For models with memory footprints under 160 GB, we recommend using the PowerEdge R760xa server for inference. Most models fall within this category. Notable examples include Llama 2 7B and 13B.
If your model's memory footprint falls between 160GB and 320GB, we recommend the PowerEdge XE8640. The XE8640 features four fully connected GPUs with NVLInk, enabling models to leverage this capability for enhanced performance. While there are no widely recognized community models in this range, customers have the option to deploy their own custom models.
For models with memory footprints exceeding 320 GB, we recommend the PowerEdge XE9860. Models such as Llama 2 70 B and BLOOM 175 B are examples that fall into this category. The following table summarizes examples of LLM models that can be deployed in the PowerEdge servers.

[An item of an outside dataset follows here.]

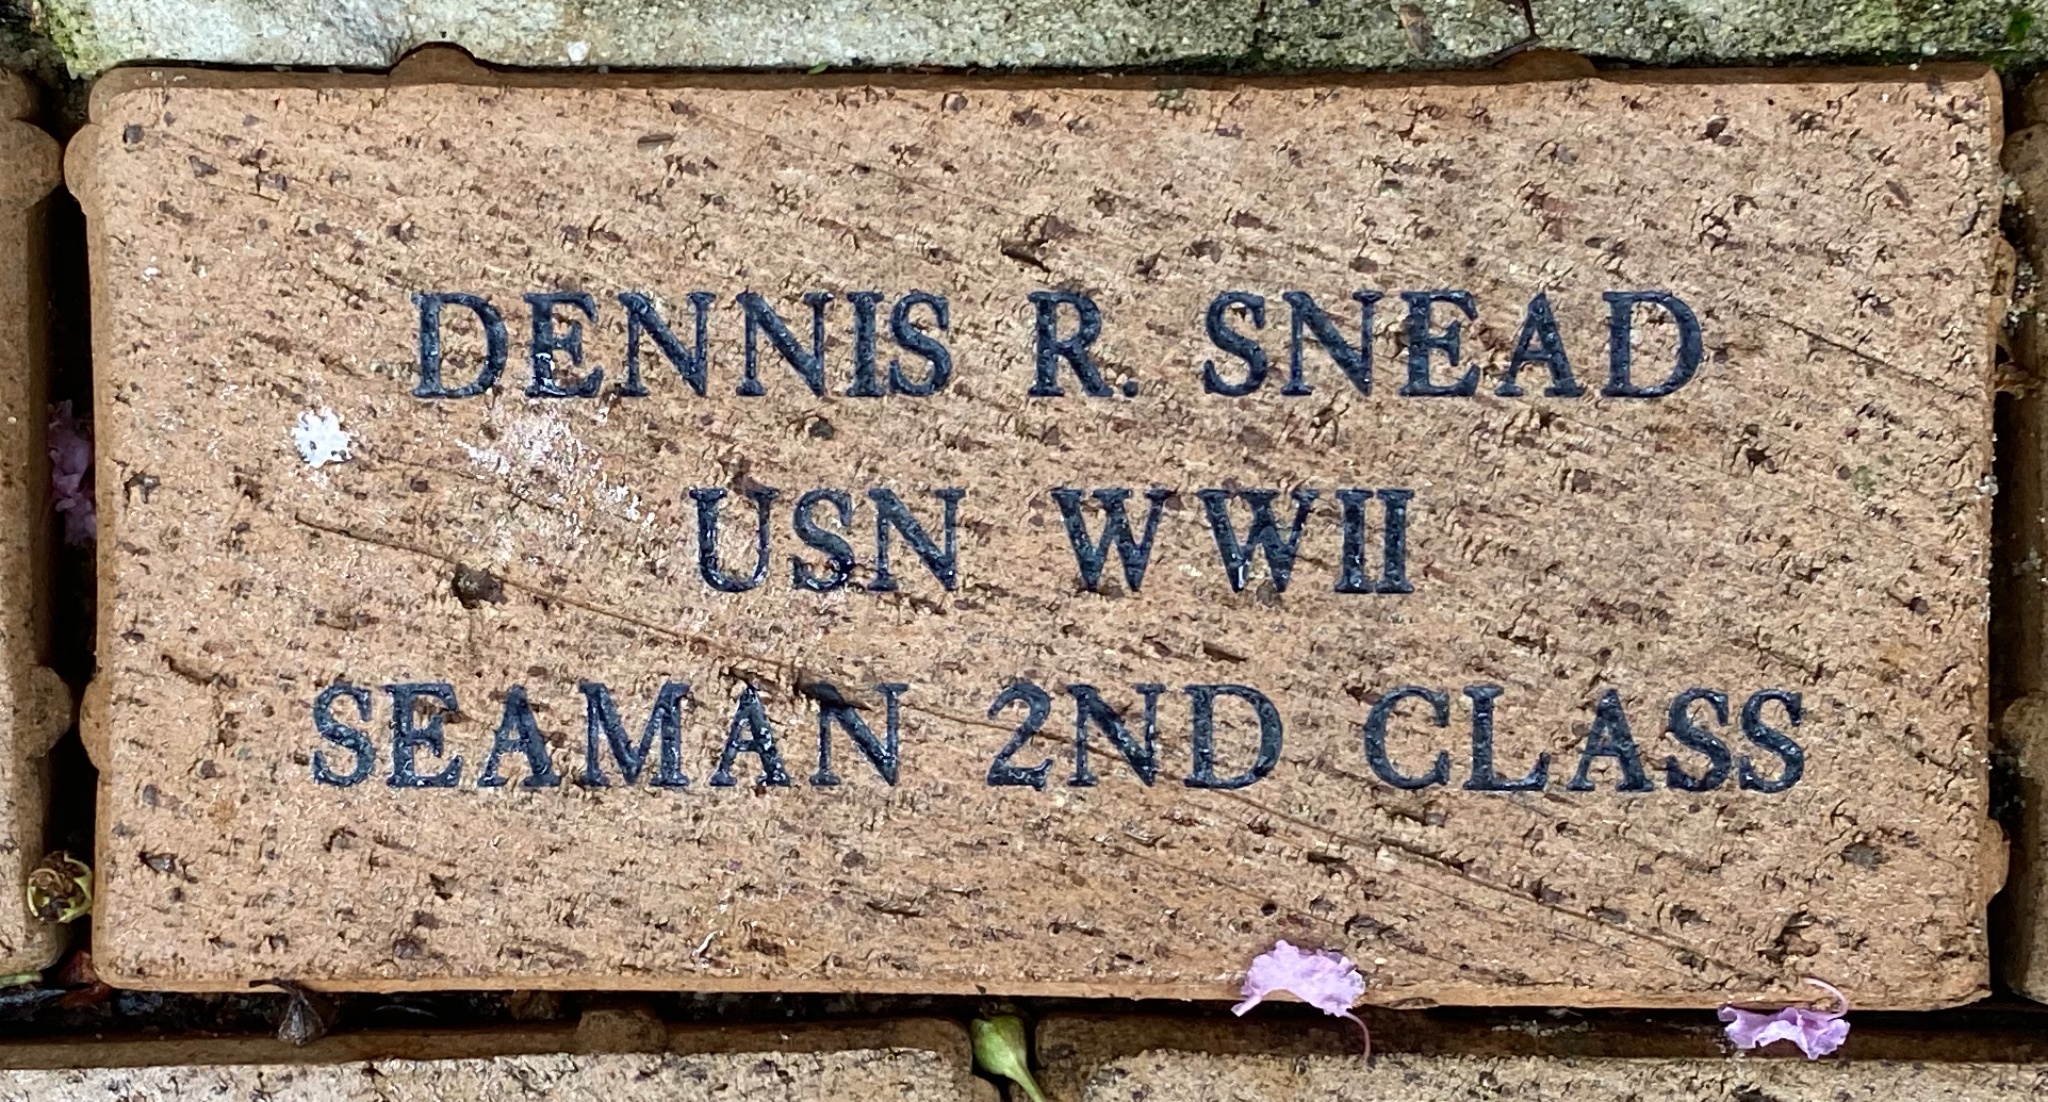 DENNIS R. SNEAD USN WWII SEAMAN 2ND CLASS

Table 3. Example models supported in PowerEdge servers:
Model characteristics | PowerEdge R760xa with NVIDIA H100 PCIe using NVLink Bridge | PowerEdge XE8640 with NVIDIA H100 SXM | PowerEdge XE9680 with NVIDIA H100 SXM |
Total memory available | 320 GB | 320 GB | 640 GB |
Maximum memory footprint of a model that can run | 160 GB | 320 GB | 640 GB |
Example open-source LLMs | NeMo GPT 345M, 1.3B, 2B, 5B and 20B Llama 2 7B and 13B | NeMo GPT 345M, 1.3 B, 2B, 5B and 20B Llama 2 7 B and 13 B | NeMo GPT 345M, 1.3B, 2B, 5B and 20B Llama 2 7B and 13B Llama 2 70 B (available for 8 GPUs) and BLOOM 175B |
A single LLM model can support a specific number of concurrent users. Beyond this threshold, the model's latency becomes prohibitively high for practical use. To accommodate a substantial volume of concurrent user requests, enterprises might find it necessary to deploy multiple instances of the same model. This consideration drives the requirement for a specific number of servers to host the LLM model in alignment with the specific use case. For more information, see Sizing guidelines.
For more information about generative AI models that were validated as part of this design, see Table 10.
Note: The preceding table does not consider where a model can span multiple nodes (multiple servers) and if the nodes are interconnected with a high-speed network like InfiniBand.